HPCF outage affecting Summit
Incident Report for CU Boulder RC
Resolved
The HPCF has remained stable with the UPS in its default operating mode. The manufacturer is continuing to investigate the root cause of this issue, and has suggested the replacement of a component of the control system as part of this effort.
Posted 5 days ago. Dec 11, 2018 - 13:29 MST
Monitoring
Summit has been returned to service. We will continue to monitor the status of the system, and expect to receive a root cause analysis regarding our observations of the UPS. In the mean time, we expect that our use of the default UPS mode will reduce the likelihood that the problem will reoccur.
Posted 15 days ago. Dec 02, 2018 - 00:30 MST
Update
We have discovered an apparent anomaly in the operation of the UPS “ECOnversion” mode, a mode that allows the UPS to operate with greater power efficiency than in its default mode. This anomaly does not appear to affect the default mode; so we are gathering diagnostic reports from the UPS in each mode for further analysis, and plan to bring Summit back into production with the UPS in the default mode.

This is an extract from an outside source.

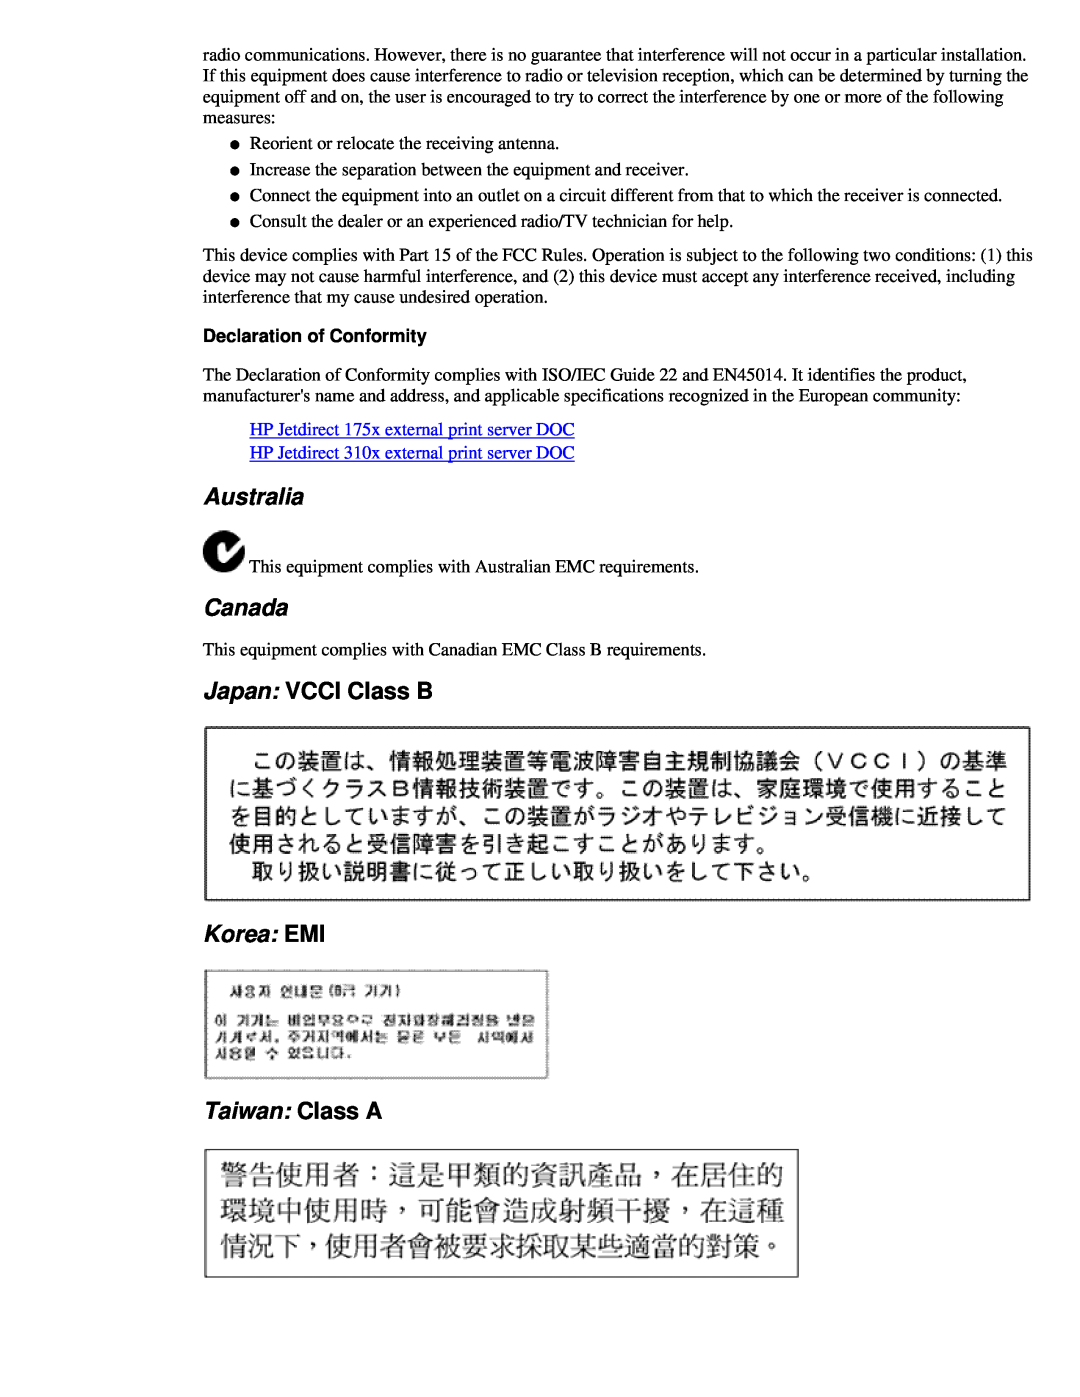 HP 175X, 310X manual Australia, Canada, Japan VCCI Class B, Korea EMI, Taiwan Class A, Declaration of Conformity

Posted 15 days ago. Dec 01, 2018 - 22:28 MST
Investigating
The technician has arrived and is inspecting the UPS.
Posted 15 days ago. Dec 01, 2018 - 20:55 MST
Identified
The UPS that supports the HPCF has experienced a fault which is preventing it from being able to supply power to the environment. A service technician has been dispatched and is en route.

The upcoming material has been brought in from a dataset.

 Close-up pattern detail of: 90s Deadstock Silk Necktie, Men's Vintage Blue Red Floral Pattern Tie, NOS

Posted 15 days ago. Dec 01, 2018 - 19:55 MST
Update
We have confirmed onsite that the HPCF has experienced a major power outage. All HPCF systems, including Summit and Summit storage (including both scratch and interim PetaLibrary allocations) are offline.

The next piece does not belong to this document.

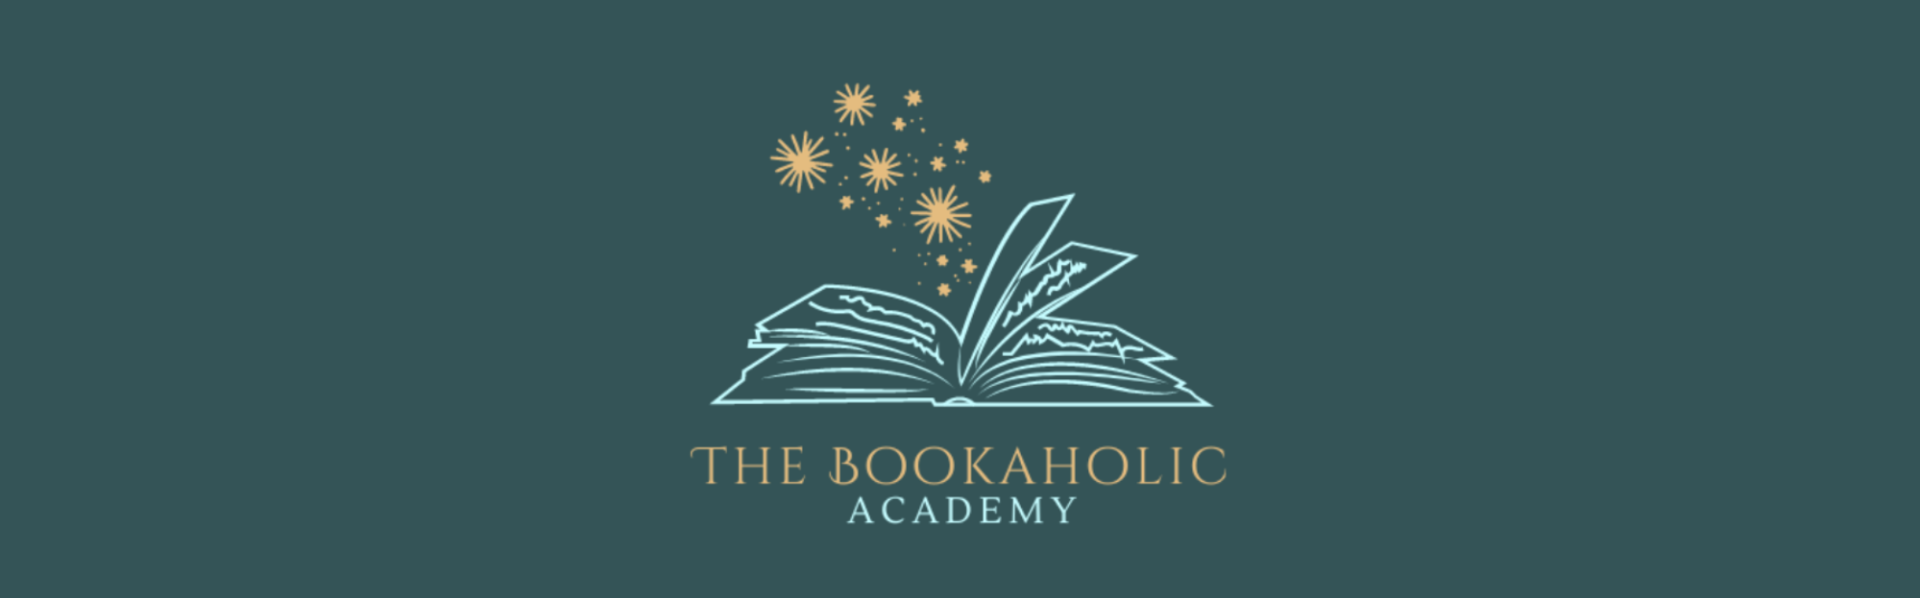 The Bookaholic Academy

We are investigating the cause and are working to restore service as soon as possible.
Posted 15 days ago. Dec 01, 2018 - 17:18 MST
Investigating
We are aware of an HPCF outage affecting Summit and Summit scratch. We are investigating and will update here as more information becomes available.
Posted 15 days ago. Dec 01, 2018 - 15:58 MST
This incident affected: RMACC Summit.